The second stage of the discovery process is the understanding of industry strengths. All industries have unique strengths that, if exploited, can drive business breakthroughs to beat the competition. The unique industry strengths, distilled to their essence, are summarized here:

• For retail, it is clear that the overarching strength of the industry is to acquire, retain, and optimize customers. Marketing’s customer analytics are woven into this strength.

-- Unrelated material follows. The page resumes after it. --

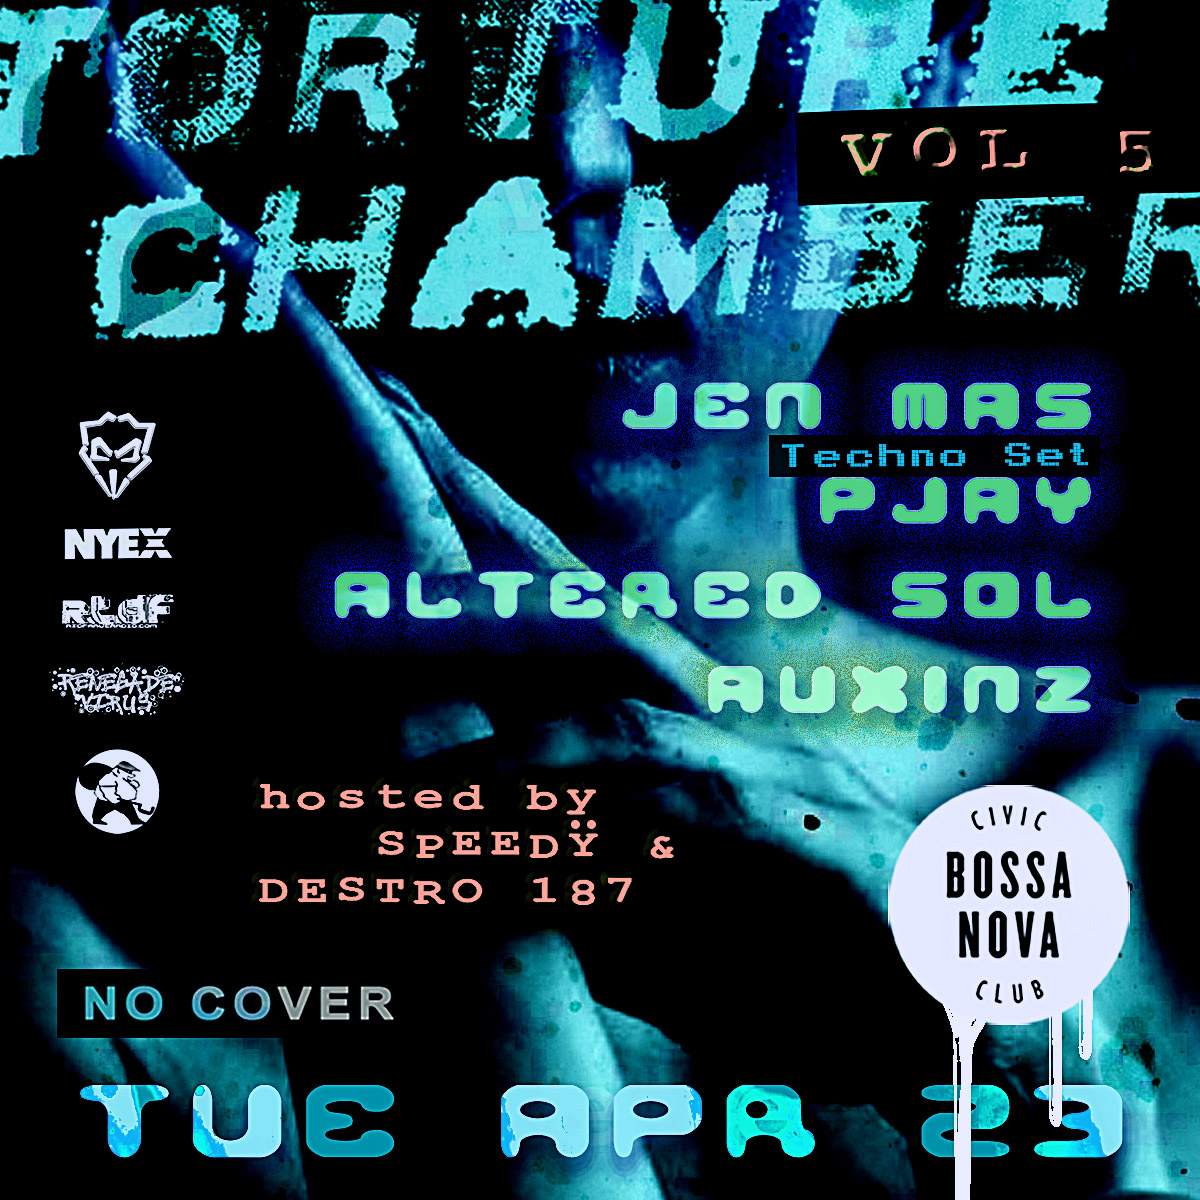 TORTURE CHAMBER Vol 5 - Jen Mas, Pjay, Altered Sol, Auxins; hosted by The Usual Suspects - フライヤー表

• For banking, the unique industry strength is understanding and minimizing risk. As mentioned earlier, the industry needed to clean up its lending practices for its very survival. Risk assessment has always been a core element of the industry, but it needed to get a lot better to reduce loan defaults without crimping the volume of loans. This became an industry imperative that necessitated the refinement of the industry strength.

• For political campaigns, it is the laser focus on finding, energizing, and persuading voters. This strength was made more powerful through data-driven innovations.

• For sports, it is its ability to engage fans through the full transparency of detailed performance data on its athletes and teams. Athletes are acquired, fired, and improved based on the data. The paradox for healthcare is that sports fans know much more about the athletes who entertain them than patients do about the doctors who make life-and-death decisions about them.

Analytics Sweet Spots

The third stage of the discovery process is identifying the analytics sweet spots that correspond to the industry strengths. The concept of a sweet spot comes from sports. It is the place where a combination of factors results in the maximum impact achieved relative to a given amount of effort. In baseball, for example, it is that place on the bat that produces the most powerful hit. The analogue in analytics is a solution that provides the most power to make the industry strength as successful as possible. In the case of banking, the analytics sweet spot, matched to the industry strength, is a refined FICO score that assesses the capability of a borrower to fulfill promises to repay a loan.

Each industry pushes the envelope in its use of specific analytics, not necessarily because it has more technical sophistication, but because the specific goals, purposes, pressures, and culture of that industry are unique and require better flowering of certain analytics tools. These are the sweet spots that we want to translate and adapt for healthcare.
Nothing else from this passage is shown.